Building a Document Processing Pipeline with AI Agents

Every organisation I've worked with has the same problem. Documents pile up. Invoices need data extracted. Contracts need clauses identified. Reports need summaries. And somewhere, a human is doing all of this manually, eight hours a day, slowly losing the will to live.

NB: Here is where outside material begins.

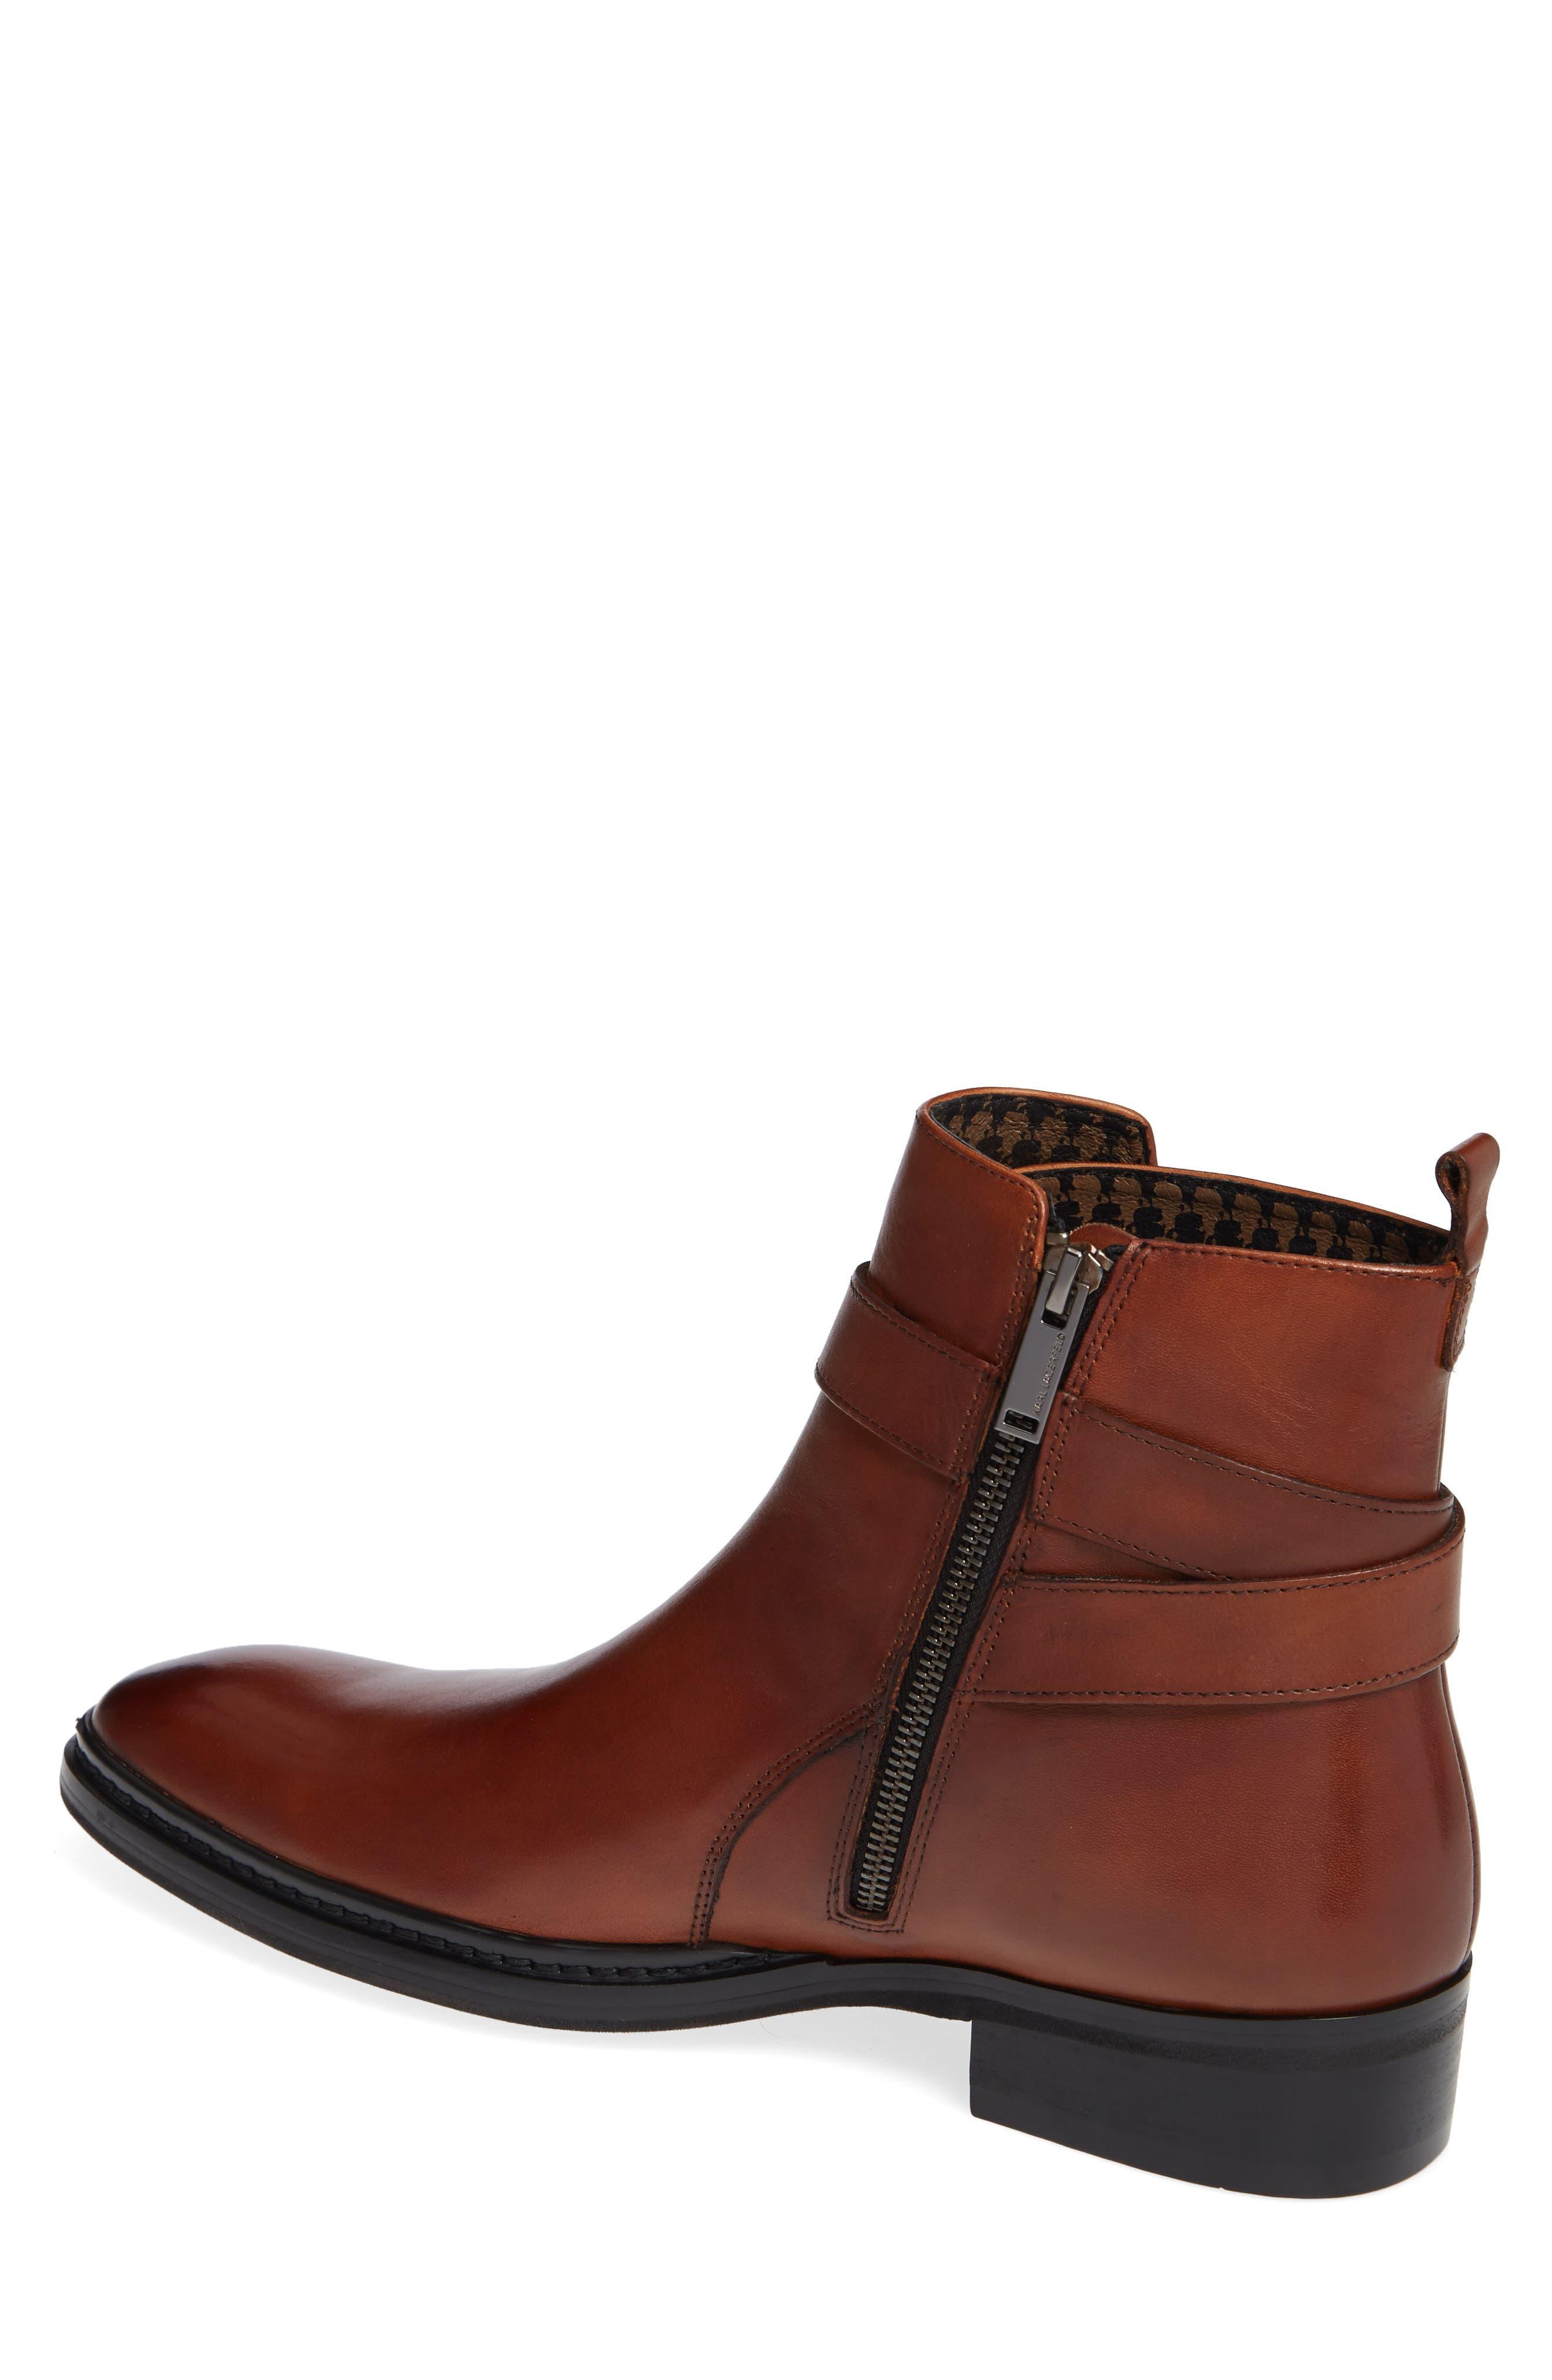 Ankle Wrap Boot,                             Alternate thumbnail 2, color,                             239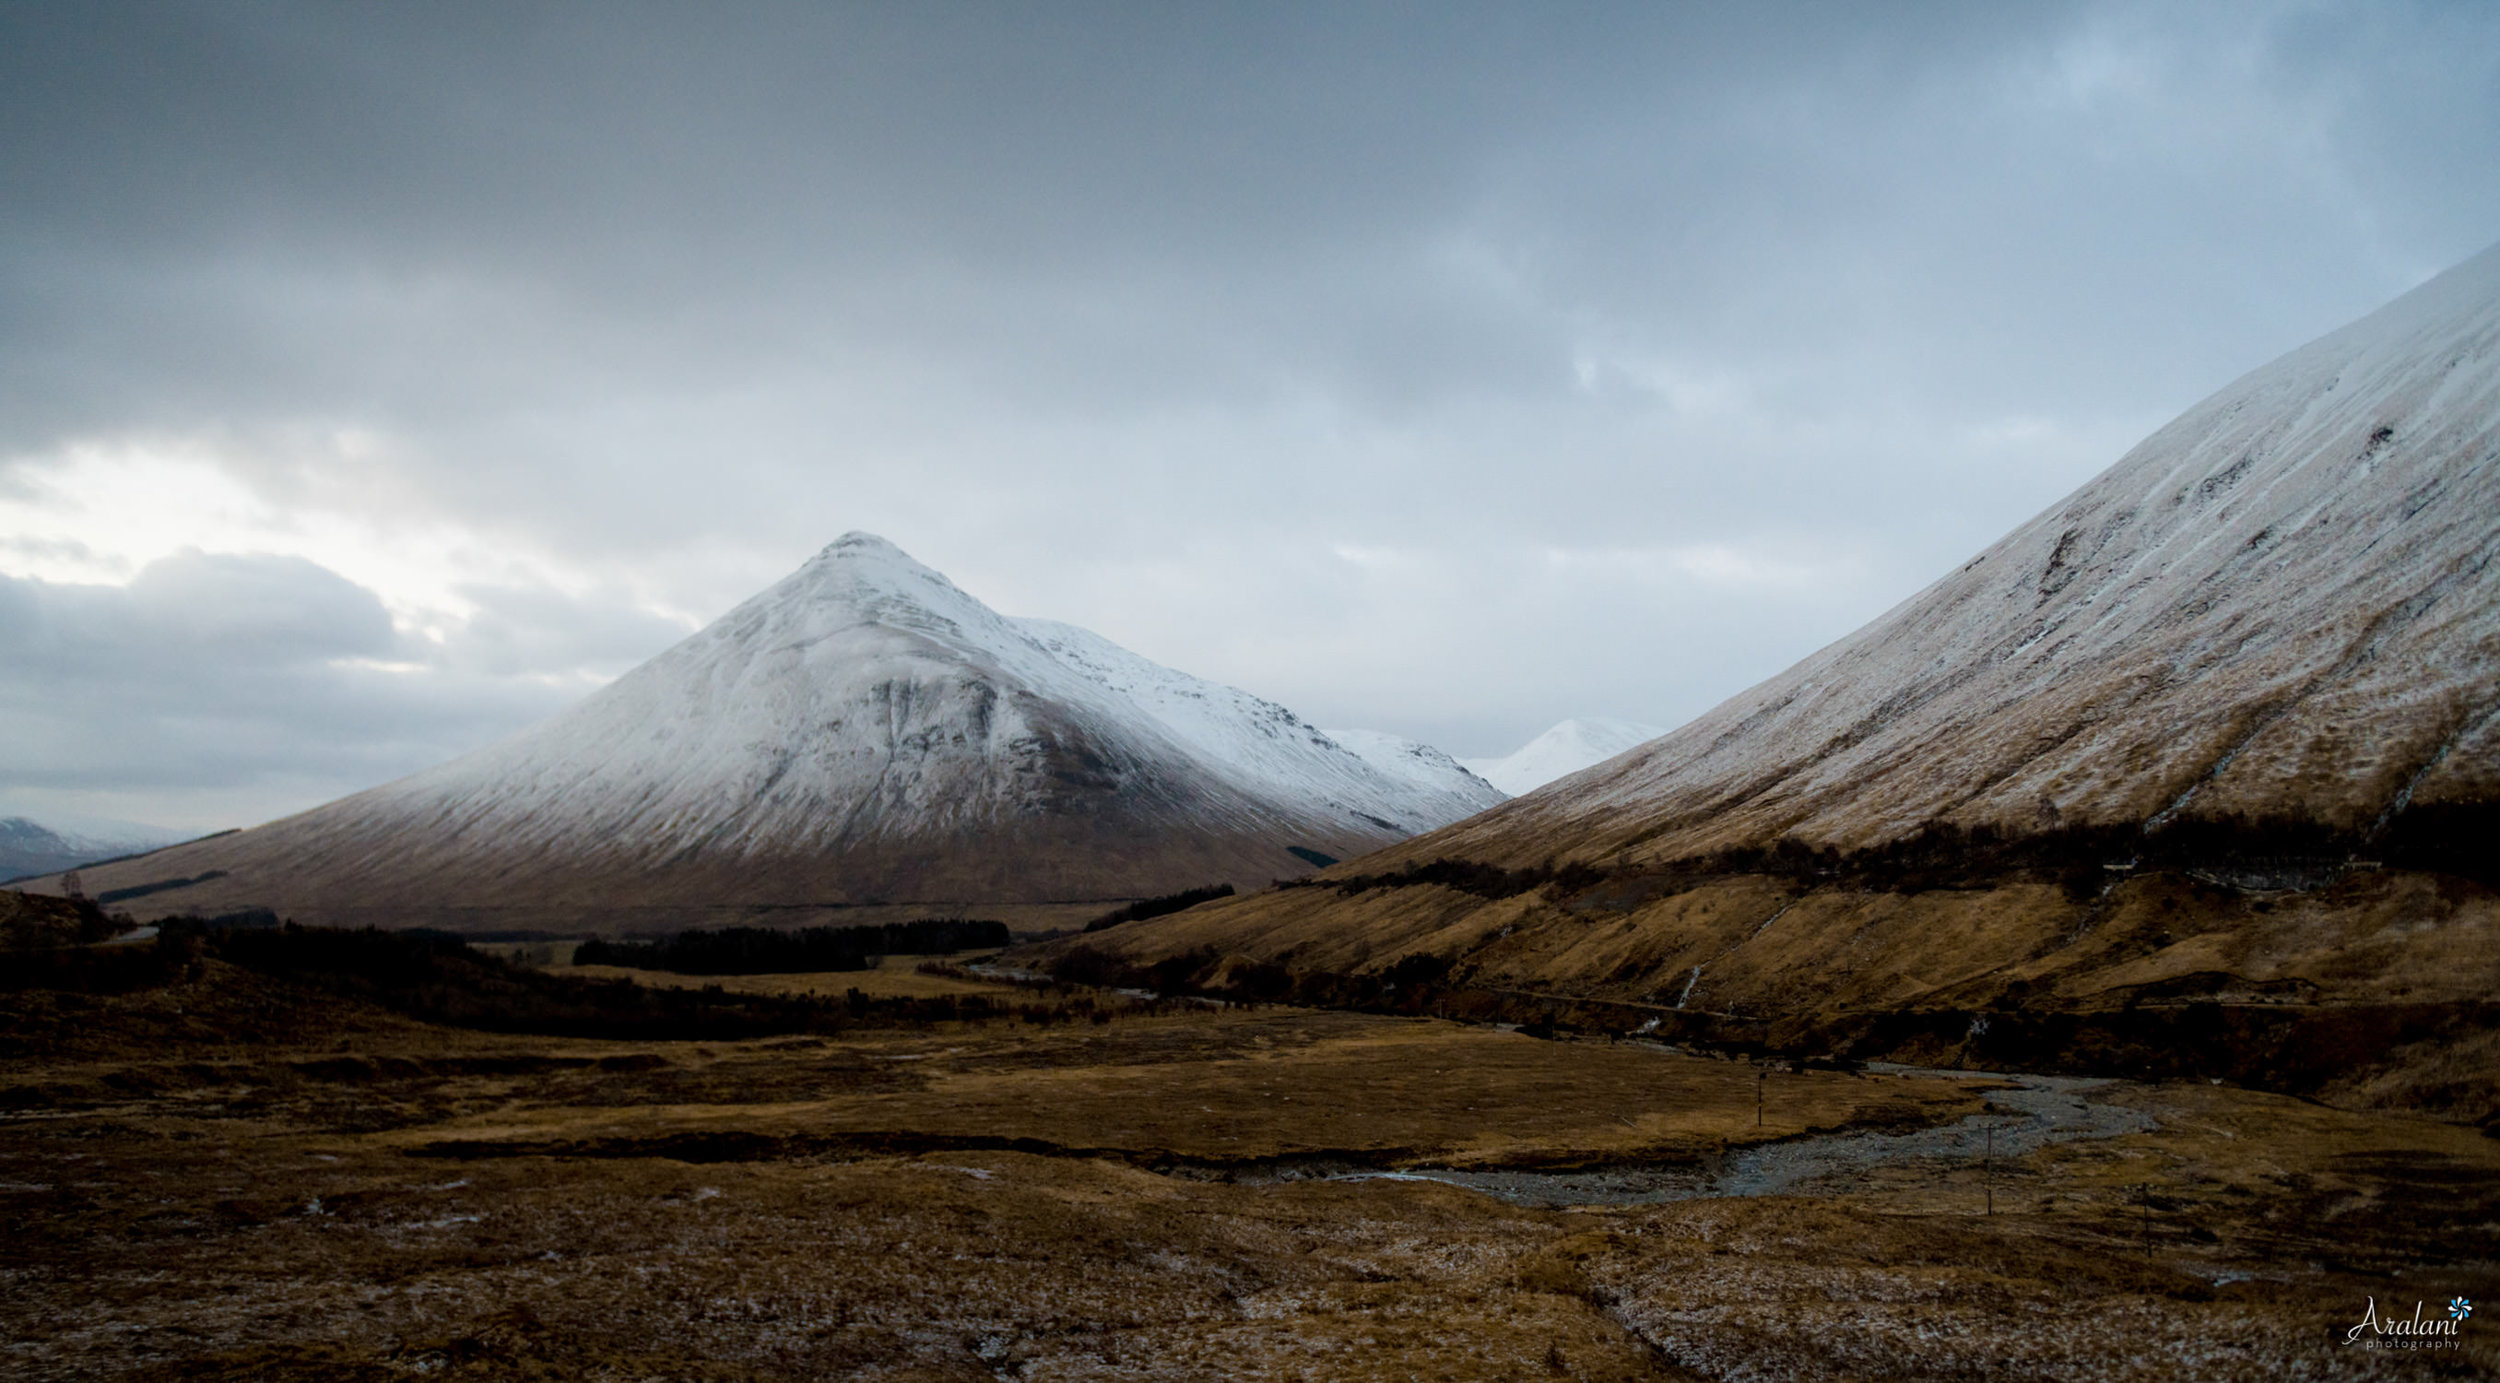 Aralani_Scotland_0059.jpg

AI agents are perfect for this. Not because the extraction is hard (it's not), but because the pipeline needs to make decisions. Is this an invoice or a receipt? Which fields are missing? Does this contract clause trigger a review? That's agent territory.

The Architecture

Document → Classify → Extract → Validate → Route → Store

Six stages. Each one is a function the agent can call. The agent decides how to chain them based on what it finds.

Setup

pip install anthropic pypdf2 pydantic python-magic pillow

We're using Claude's native API with tool use. No framework dependency. Just the Anthropic SDK.

Document Intake

First, get the document into a format Claude can read.

import anthropic
import base64
from pathlib import Path
from PyPDF2 import PdfReader

client = anthropic.Anthropic()

def load_document(file_path: str) -> dict:
    """Load a document and return its content in a processable format."""
    path = Path(file_path)
    suffix = path.suffix.lower()

    if suffix == ".pdf":
        reader = PdfReader(file_path)
        text = "\n\n".join(page.extract_text() or "" for page in reader.pages)
        return {
            "type": "pdf",
            "text": text,
            "pages": len(reader.pages),
            "filename": path.name,
        }

    elif suffix in (".png", ".jpg", ".jpeg", ".webp"):
        with open(file_path, "rb") as f:
            image_data = base64.standard_b64encode(f.read()).decode("utf-8")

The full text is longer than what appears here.